Historically, women have had a tough time getting rich.
Everything from male primogeniture rules to laws preventing women from holding property have limited the number of female tycoons through the ages. The few that did amass large fortunes typically inherited them from men in their family. "Women with huge personal wealth are a modern phenomenon," says Walter Scheidel, a professor of ancient history at Stanford University.
Which is why, when MONEY compiled a ranking of the 10 richest people in history last year, the list featured only men. That ranking was challenging in its own way—comparing the wealth of individuals across different eras and geographies in an apples-to-apples way isn't easy—so MONEY borrowed a technique developed by the historians and economists at MeasuringWorth, which compares an individual's wealth to total global economic output at the time.
We have followed the same methodology for this new list, but in addition, we've chosen to focus on only those women who went beyond just inheritance and took an active business or political role in managing their fortunes, even if they originally acquired them from fathers or husbands. So you won't find women like Walmart widow Christy Walton and heiress Alice Walton, who have never had a hand in the day-to-day operations of the company. (The latter, with a net worth of $32.4 billion, tops the list of America's richest women.)

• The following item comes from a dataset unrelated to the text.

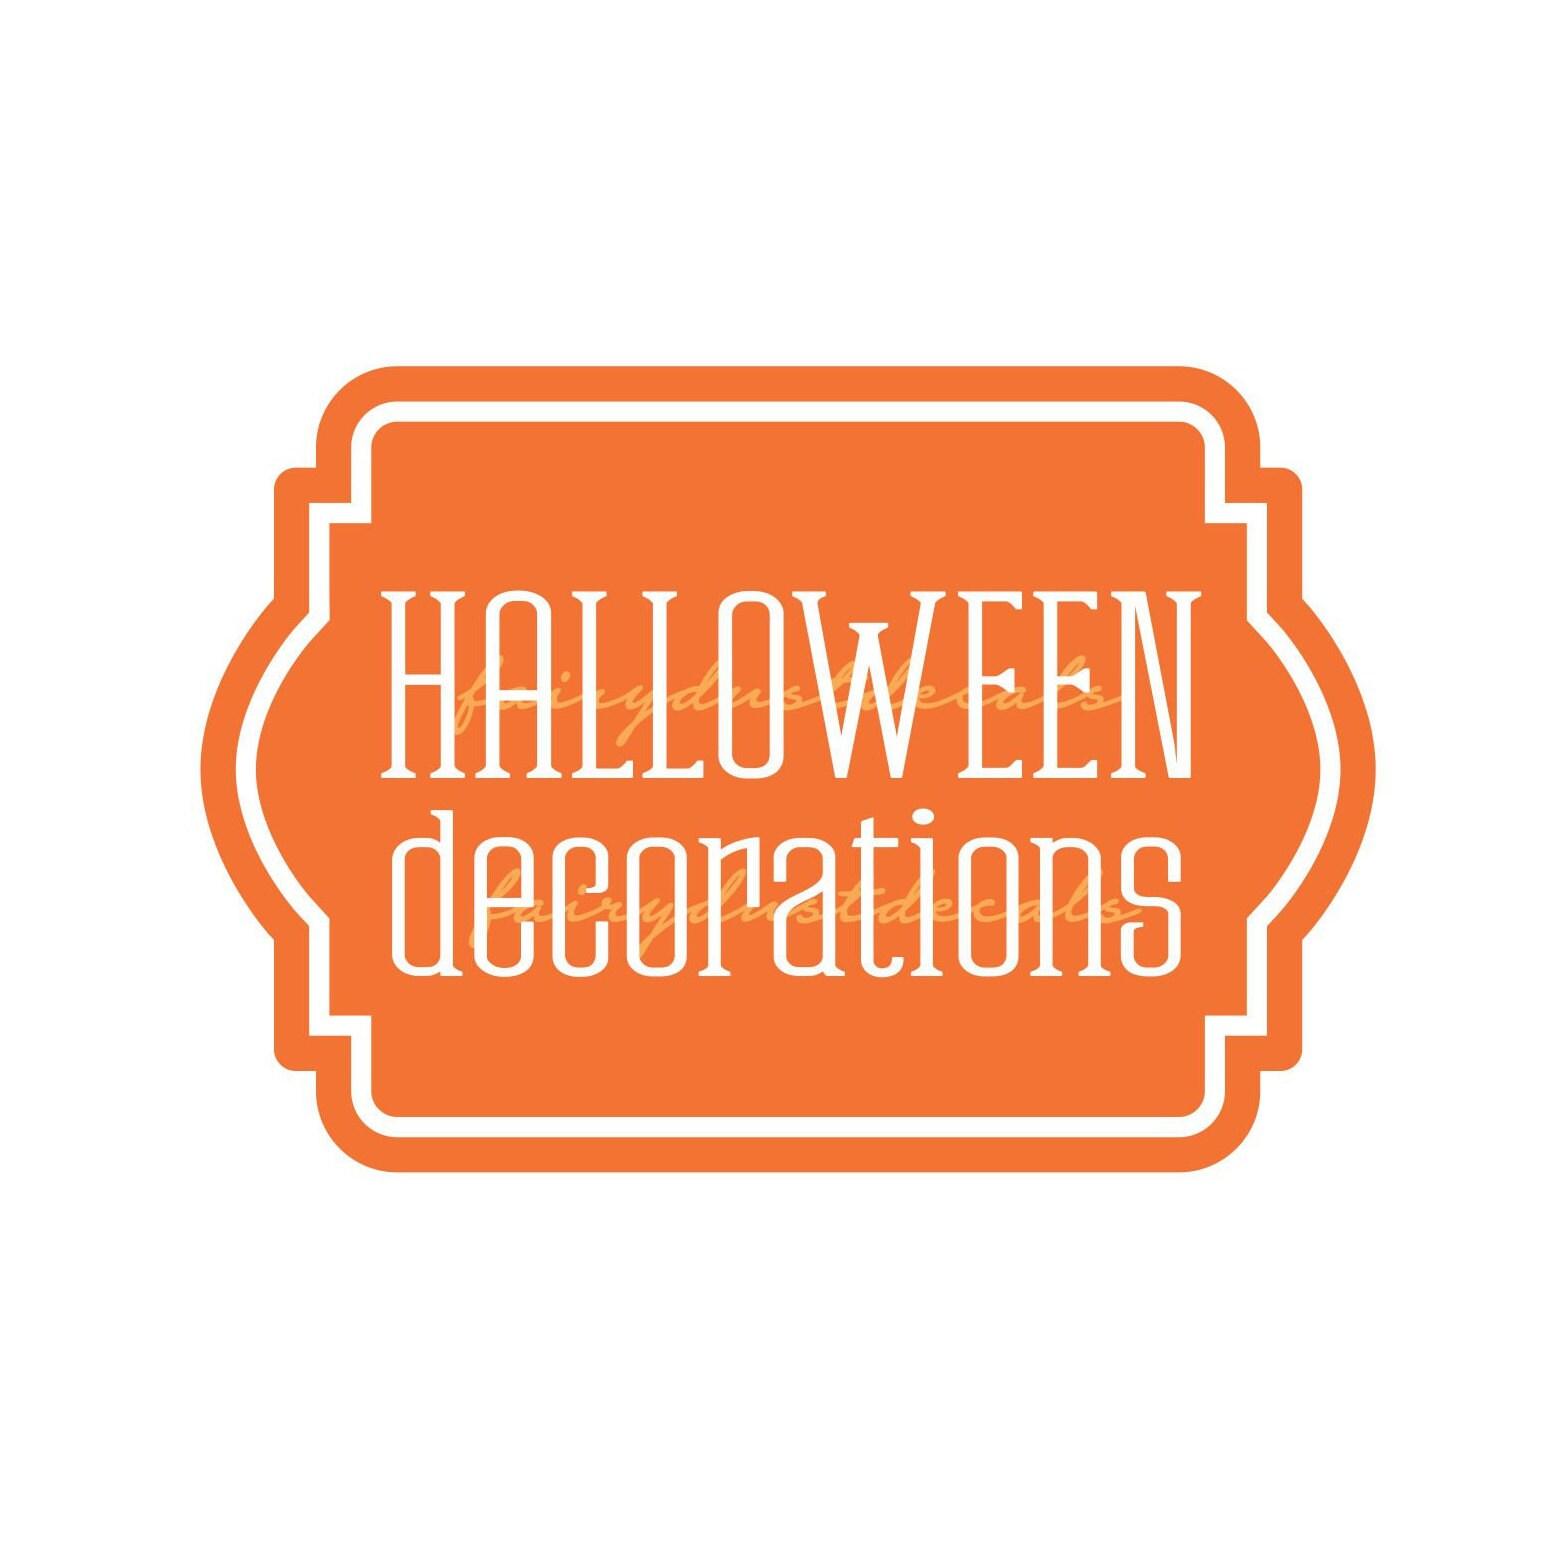 halloween decorations storage label, plastic tote vinyl decal

You also won't see wealthy royals like English monarchs Victoria and Elizabeth I on the list, or Egyptian queen Nefertiti. While each controlled power and money aplenty, none held a sufficient share of the world's riches to make the cut. Similarly, in modern times, billionaire business tycoons like Oprah Winfrey and Theranos founder Elizabeth Holmes—with fortunes of $3 billion and $4.5 billion, respectively—aren't flush enough relative to global GDP to be included. (Historic GDP data comes from the Maddison Project.)
To compile our list, we consulted nearly 30 historians and researched dozens of likely candidates. What follows is a meticulous—if debatable—ranking of the wealthiest women in history.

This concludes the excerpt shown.